Speaking at the Brookings Institution Tuesday, FHFA Director Mel Watt said the mortgage reform debate was best left to Congress.

“One topic that is not on FHFA’s agenda, because it’s not part of our statutory mandate, is housing finance reform legislation. My guess is that there were many people who expected that I would start talking about reform legislation the minute I got to FHFA,” Watt said. “I am well aware, and regularly express my belief, that conservatorship should never be viewed as permanent or as a desirable end state and that housing finance reform is necessary. However, Congress and the Administration have the important job of deciding on housing finance reform legislation, not FHFA. Instead, our task is to continue to fulfill our statutory mandates, to execute our Strategic Plan and to manage the present status of Fannie Mae and Freddie Mac.”  

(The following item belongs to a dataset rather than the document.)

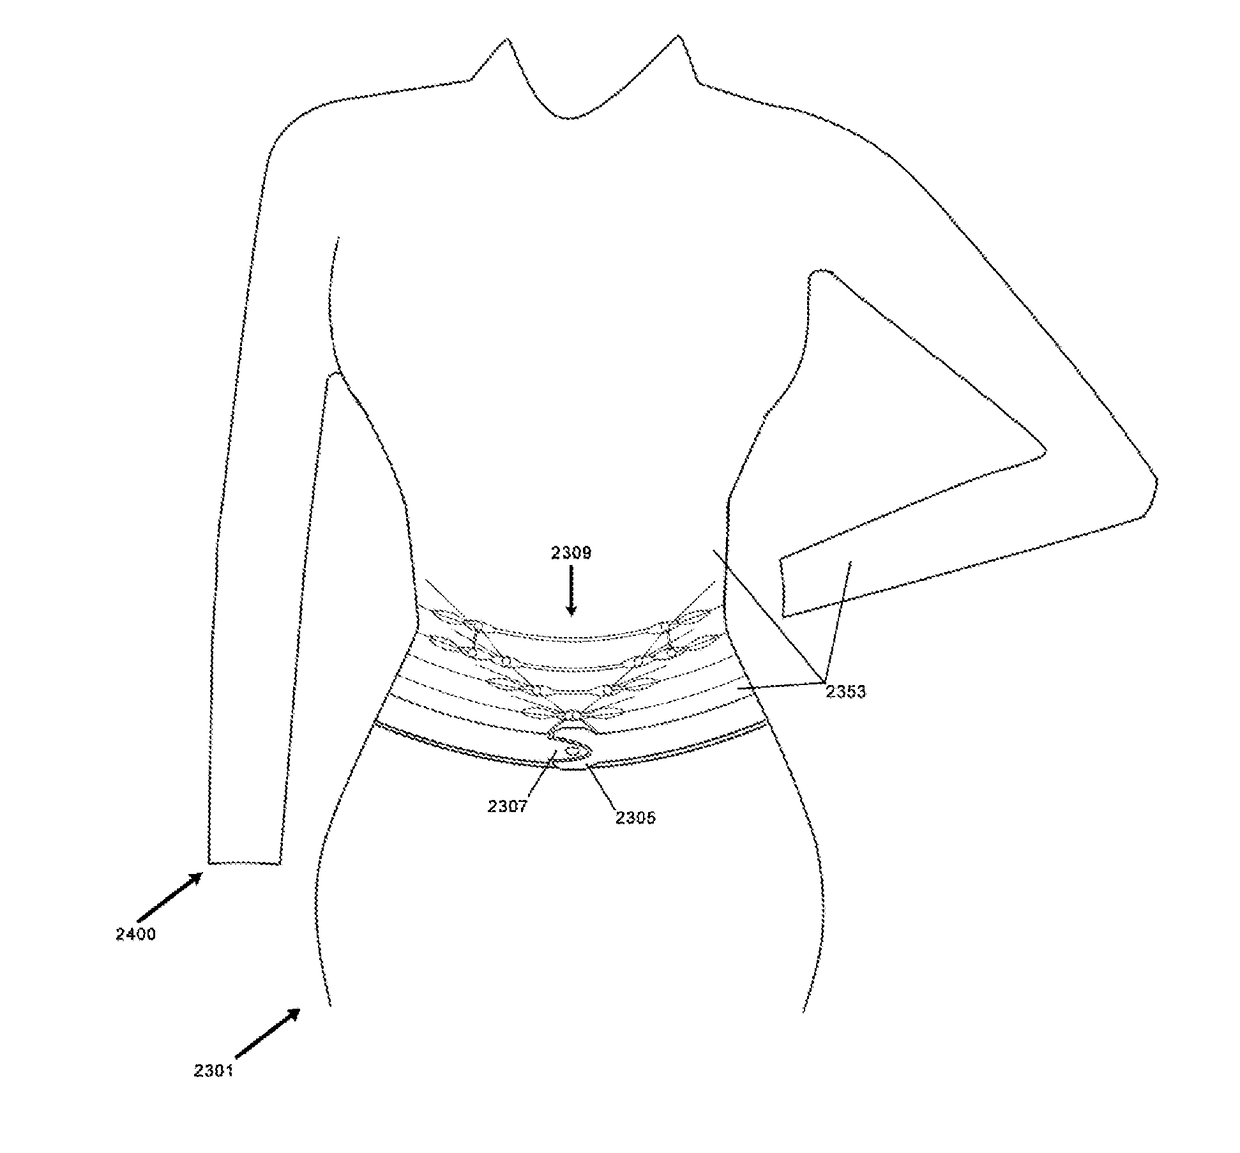 Self-Fitting Apparel with Cascading Closures

Watt also addressed an unpopular proposal made by his predecessor, former Acting Director Edward DeMarco. In September, DeMarco announced his intention to lower the maximum sizes of loans purchasable by Fannie and Freddie, a move which prompted immediate condemnation from industry groups and housing advocates. Upon taking the reins at the FHFA, Watt immediately suspended to plan to further evaluate its implications.

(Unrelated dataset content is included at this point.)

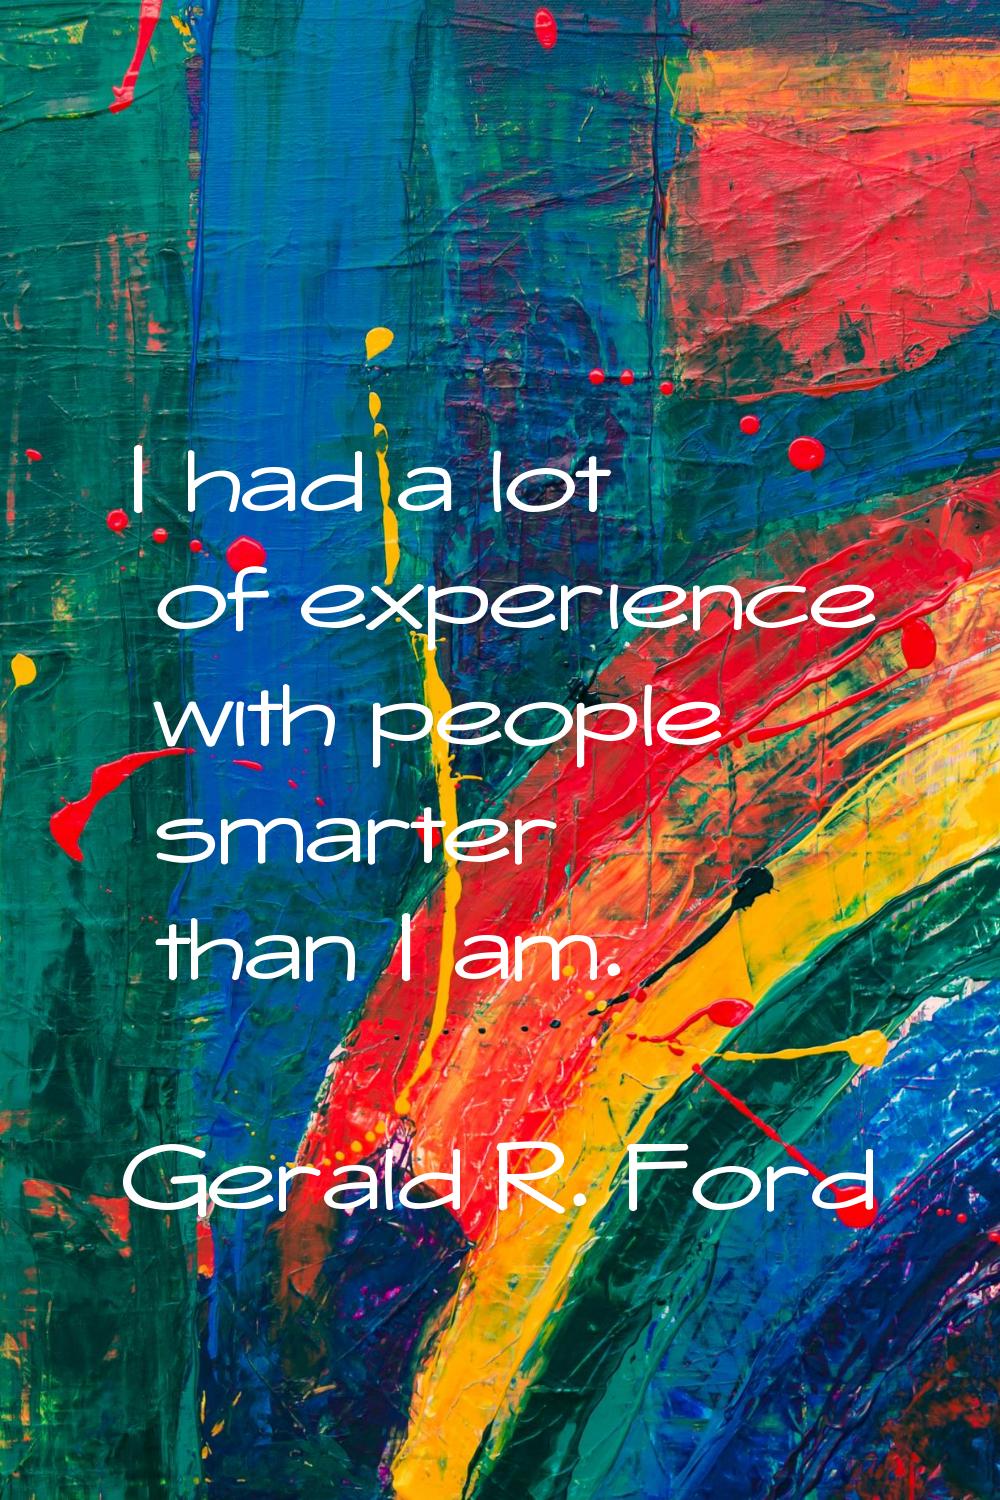 I had a lot of experience with people smarter than I am.

“As market participants are already aware, FHFA released a proposal last year suggesting that the agency would use its conservatorship authority to lower the mortgage amounts eligible for guarantee by Fannie Mae or Freddie Mac,” Watt said Tuesday. “Many groups and individuals submitted feedback in response to the Request for Input, and FHFA has thoroughly reviewed and evaluated those responses. I am announcing today that FHFA will not use its authority as conservator to reduce current loan limits. This decision is motivated by concerns about how such a reduction could adversely impact the health of the current housing finance market.”


  • by MARTIN SISK | 5/14/2014 10:45:31 AM

    You know the median house sells for 221,800, that's 70% of the market or more. So why go to $417K for the 30% and GSEs grow too large? Let the private sector take the mortgages above $225K, right now the rates on 30 year fixed are only about 0.50 higher for mortgages above $417K.

  • by Nicole | 5/14/2014 11:38:11 AM

    The median price house in the San Francisco Bay Area is way over $221,800. At $221,800, you can get a fixer upper in a distressed suburban area, if that.